▸ EXERCISE OBJECTIVE
Set down exactly the lines below between the line holding "Chips & Goop" and the line holding "The Lord Of", inclusive; no other line belongs in the answer.

Stored records
☆ ☆ ☆ ☆
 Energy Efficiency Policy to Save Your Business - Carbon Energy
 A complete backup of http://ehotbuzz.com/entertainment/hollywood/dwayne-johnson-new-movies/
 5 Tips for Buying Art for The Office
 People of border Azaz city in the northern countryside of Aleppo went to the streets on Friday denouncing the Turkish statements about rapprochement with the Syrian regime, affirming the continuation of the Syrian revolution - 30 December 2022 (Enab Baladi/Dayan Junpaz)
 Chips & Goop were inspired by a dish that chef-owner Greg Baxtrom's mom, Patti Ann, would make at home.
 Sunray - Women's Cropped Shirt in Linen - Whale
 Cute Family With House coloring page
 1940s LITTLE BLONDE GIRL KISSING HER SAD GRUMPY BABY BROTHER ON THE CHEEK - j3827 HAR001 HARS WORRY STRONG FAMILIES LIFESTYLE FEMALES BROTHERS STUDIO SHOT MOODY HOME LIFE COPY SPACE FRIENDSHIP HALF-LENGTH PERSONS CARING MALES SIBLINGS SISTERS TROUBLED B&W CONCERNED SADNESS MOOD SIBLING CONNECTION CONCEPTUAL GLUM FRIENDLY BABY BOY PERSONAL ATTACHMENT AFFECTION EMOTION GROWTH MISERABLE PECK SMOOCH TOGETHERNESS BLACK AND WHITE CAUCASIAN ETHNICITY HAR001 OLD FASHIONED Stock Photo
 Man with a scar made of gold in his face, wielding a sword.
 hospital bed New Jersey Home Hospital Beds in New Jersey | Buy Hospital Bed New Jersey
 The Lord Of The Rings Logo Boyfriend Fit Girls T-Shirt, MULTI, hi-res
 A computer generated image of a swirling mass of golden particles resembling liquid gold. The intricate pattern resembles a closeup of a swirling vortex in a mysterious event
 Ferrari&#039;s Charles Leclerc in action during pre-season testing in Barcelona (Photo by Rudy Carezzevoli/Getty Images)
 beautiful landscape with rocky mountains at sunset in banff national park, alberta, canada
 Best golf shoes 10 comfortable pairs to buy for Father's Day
☆ ☆ ☆ ☆
▸ OUTPUT FOR THIS EXERCISE
 Chips & Goop were inspired by a dish that chef-owner Greg Baxtrom's mom, Patti Ann, would make at home.
 Sunray - Women's Cropped Shirt in Linen - Whale
 Cute Family With House coloring page
 1940s LITTLE BLONDE GIRL KISSING HER SAD GRUMPY BABY BROTHER ON THE CHEEK - j3827 HAR001 HARS WORRY STRONG FAMILIES LIFESTYLE FEMALES BROTHERS STUDIO SHOT MOODY HOME LIFE COPY SPACE FRIENDSHIP HALF-LENGTH PERSONS CARING MALES SIBLINGS SISTERS TROUBLED B&W CONCERNED SADNESS MOOD SIBLING CONNECTION CONCEPTUAL GLUM FRIENDLY BABY BOY PERSONAL ATTACHMENT AFFECTION EMOTION GROWTH MISERABLE PECK SMOOCH TOGETHERNESS BLACK AND WHITE CAUCASIAN ETHNICITY HAR001 OLD FASHIONED Stock Photo
 Man with a scar made of gold in his face, wielding a sword.
 hospital bed New Jersey Home Hospital Beds in New Jersey | Buy Hospital Bed New Jersey
 The Lord Of The Rings Logo Boyfriend Fit Girls T-Shirt, MULTI, hi-res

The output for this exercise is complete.